Memory Usage displays the memory usage of operators in the entire plan, mainly Hash and Sort operators, including the peak memory of operators (Peak Memory), memory estimated by the optimizer (Estimate Memory), and control memory (Control Memory), estimated memory usage (operator memory), actual width during execution (Width), number of automatic memory expansion times (Auto Spread Num), whether to spill data to disks in advance (Early Spilled), and spill information which includes the number of repeated data spills (Spill Time(s)), number of internal and foreign table partitions spilled to disks (inner/outer partition spill num), number of files spilled to disks (temp file num), amount of data spilled to disks, and amount of data flushed to the minimum and maximum partitions (written disk IO [min, max]). The Sort operator does not display the number of files written to disks, and displays disks only when displaying sorting methods.
This part displays the output target column information of each operator.
This part displays the execution time of each operator (including the execution time of filtering and projection, if any), CPU usage, and buffer usage.

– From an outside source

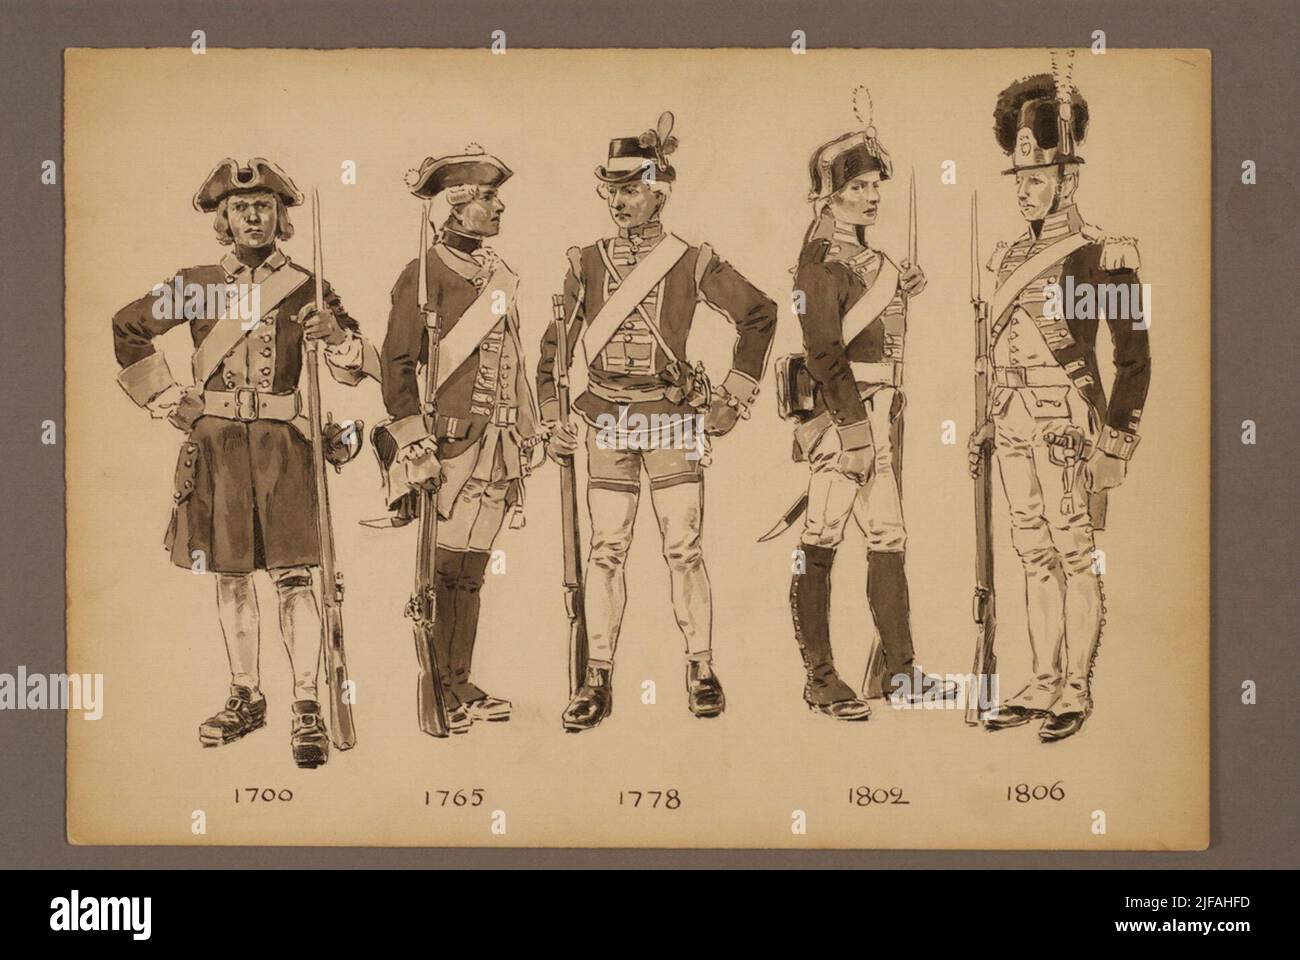 The poster with uniform for Svea Livgarde for the years 1700-1806, designed  by Einar von Strokirch. Belongs to Armemuseum's archive Stock Photo - Alamy

Each operator execution process has CPU information. cyc indicates the number of CPU cycles, and ex cyc indicates the number of cycles of the current operator, excluding its subnodes. inc cyc indicates the number of cycles, including subnodes, ex row indicates the number of data rows output by the current operator, and ex c/r indicates the mean of ex cyc and ex row.
Buffers indicates the buffer information, including the read and write operations on shared blocks and temporary blocks.

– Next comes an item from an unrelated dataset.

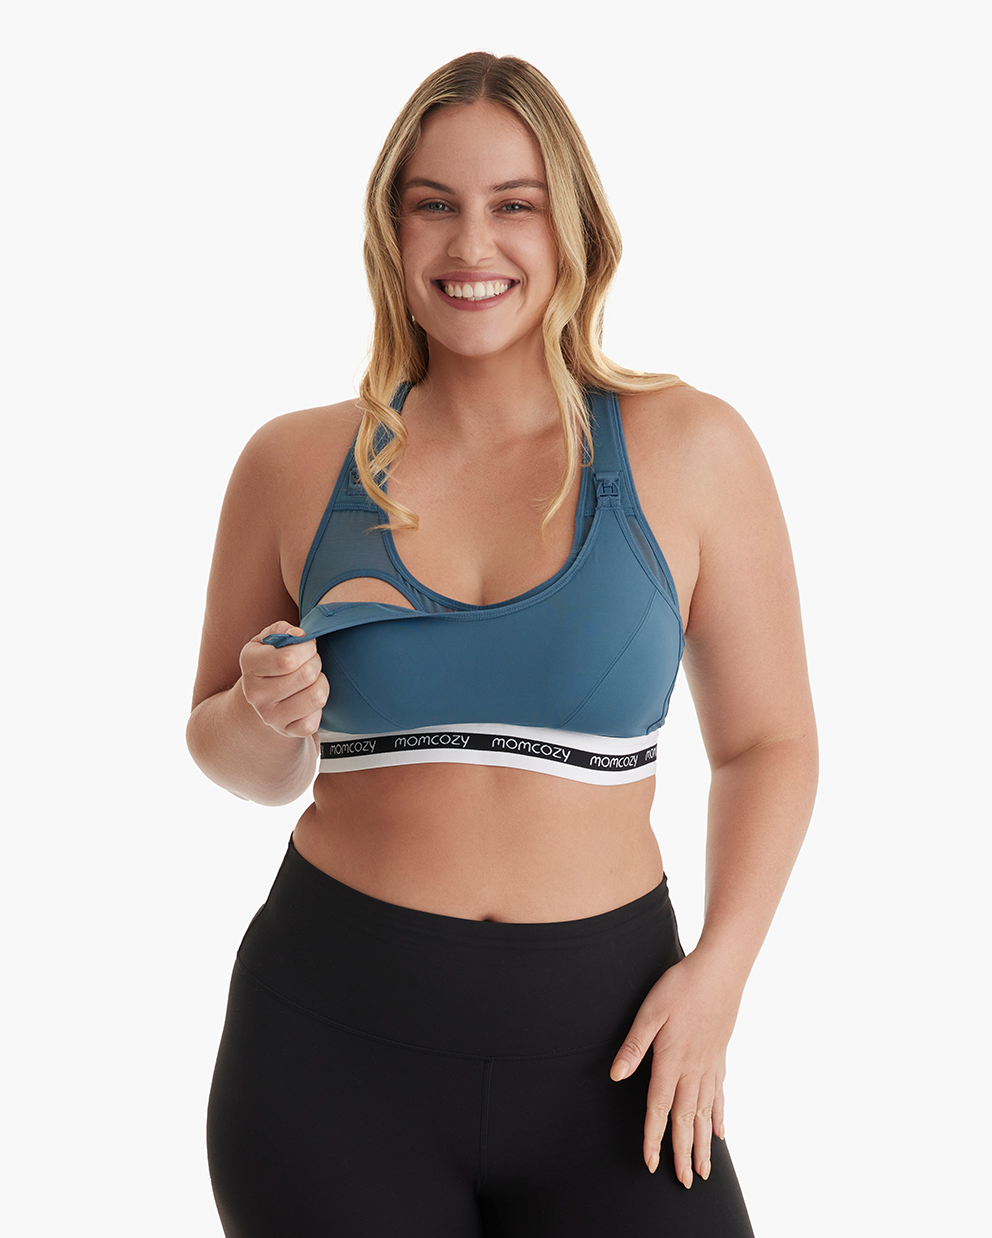 Momcozy's New Bras Redefine Comfort and Style for

Shared blocks contain tables and indexes, and temporary blocks are disk blocks used in sorting and materialization. The number of blocks displayed on the upper-layer node contains the number of blocks used by all its subnodes.
User-defined information, including the time when CNs and DNs are connected, the time when DNs are connected, and some execution information at the storage layer.
The total execution time and network traffic, including the maximum and minimum execution time in the initialization and end phases on each DN, initialization, execution, and time in the end phase on each CN, and the system available memory during the current statement execution, and statement estimation memory information.